Een ander project waar Wytzia warme herinneringen aan heeft, is het fietsenproject. “Tijdens dat project was je eigenlijk gewoon de hele dag banden aan het plakken. En juist dat was zo gezellig. Het gaf een gevoel van saamhorigheid om zo met elkaar bezig te zijn. Iedereen deed mee. Verder volgden we kunstlessen zoals pottenbakken en aquarelleren. Er was ook filosofie, een vak dat ik op de middelbare school nooit had gehad.”
“Het hele jaar voelde alsof je een jaar op kamp was, volledig vrij van zorgen.”
Met alle groepen uit het jaar ging Wytzia op werkweek naar een Waddeneiland. “Neem je eigent tent mee... Zo ging het. We aten gezamenlijk nadat we de hele dag hadden gewerkt in een bos. Het was een fantastische tijd.
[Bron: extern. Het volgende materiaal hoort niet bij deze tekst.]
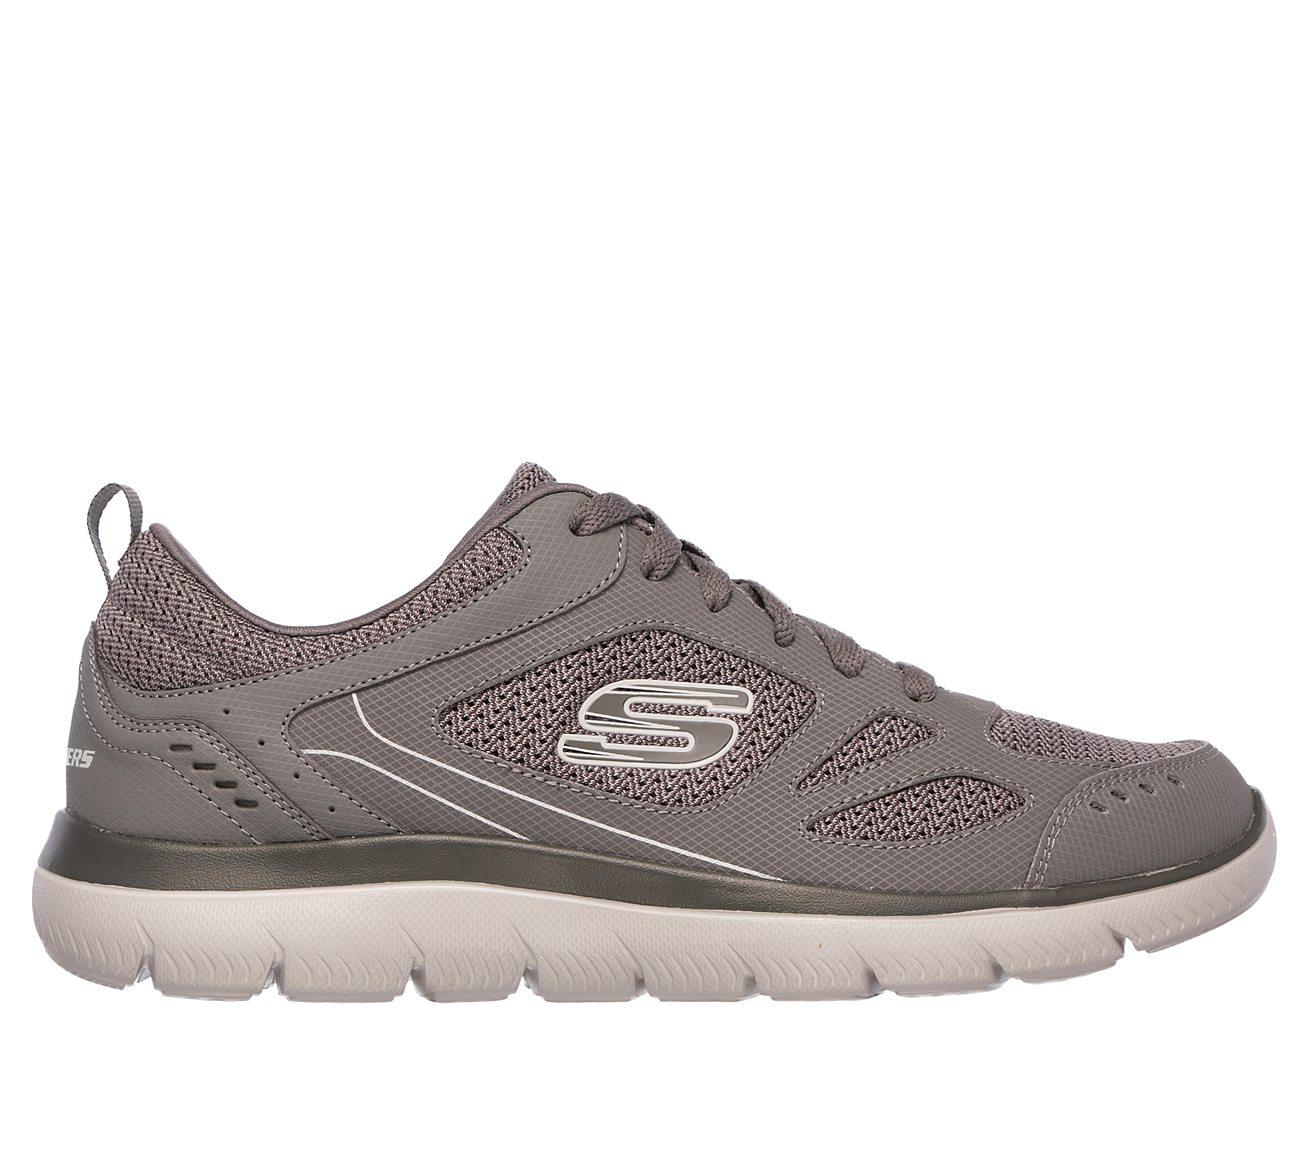 Buy Skechers Summits South Rim Skechers Sport Shoes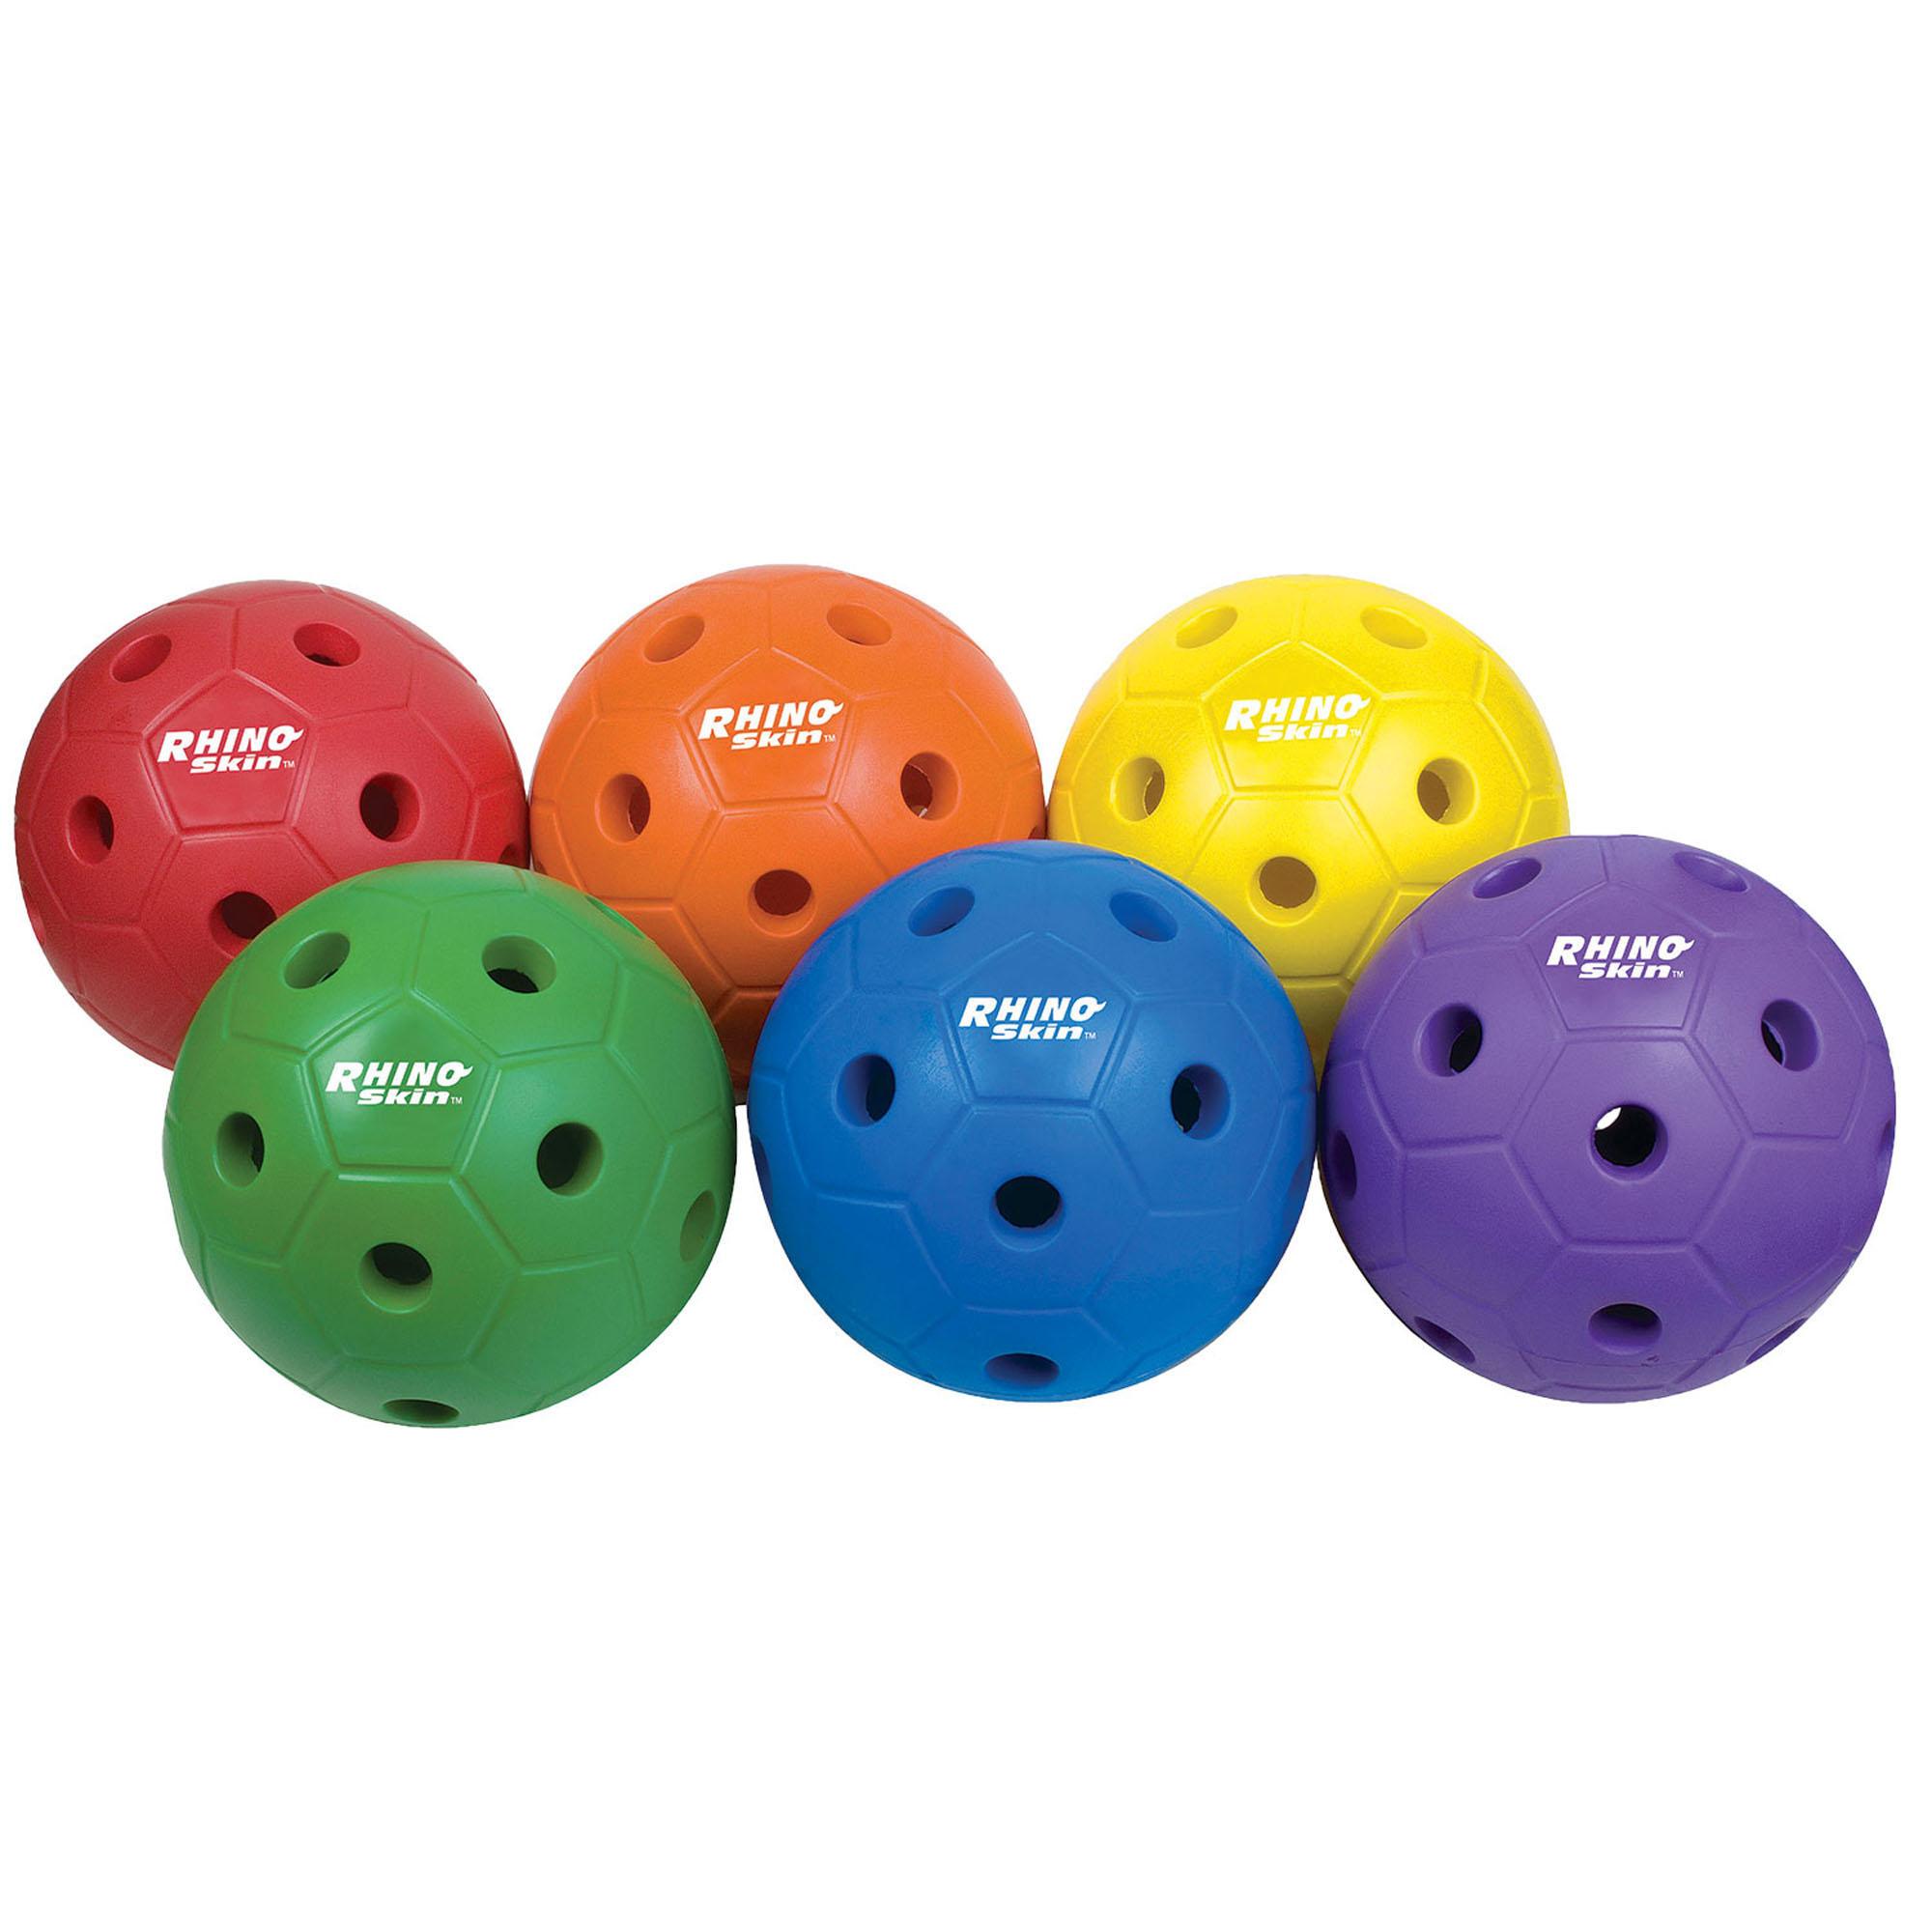 Rhino Skin® Sting Free Mini Soccer Ball Set, Assorted Colors, Set of 6

Het hele jaar voelde alsof je een jaar op kamp was, volledig vrij van zorgen. Er waren geen proefwerken of examens die je moest halen. Niets was verplicht en toch deden we aan alles mee. Ik kan me niet herinneren dat ik ook maar een college heb overgeslagen.”
“We waren niet in alles serieus hoor. We beleefden ook plezier aan het afzetten tegen zaken. Alle studenten hadden corvee. Denk aan keukenhulp of afwasdienst. Als wij dan haver moesten eten, dienden we dat hinnikend op. Haver was een straf. Met een paar vrienden hadden we de schnitzelclub waarmee wij eens per week schnitzels bakten. Op de VH aten we verder bijna nooit vlees. Ook dook ik vaak met mijn beste vriend Just Schimmelpenninck de kroeg in. Whiskey drinken en flipperen.”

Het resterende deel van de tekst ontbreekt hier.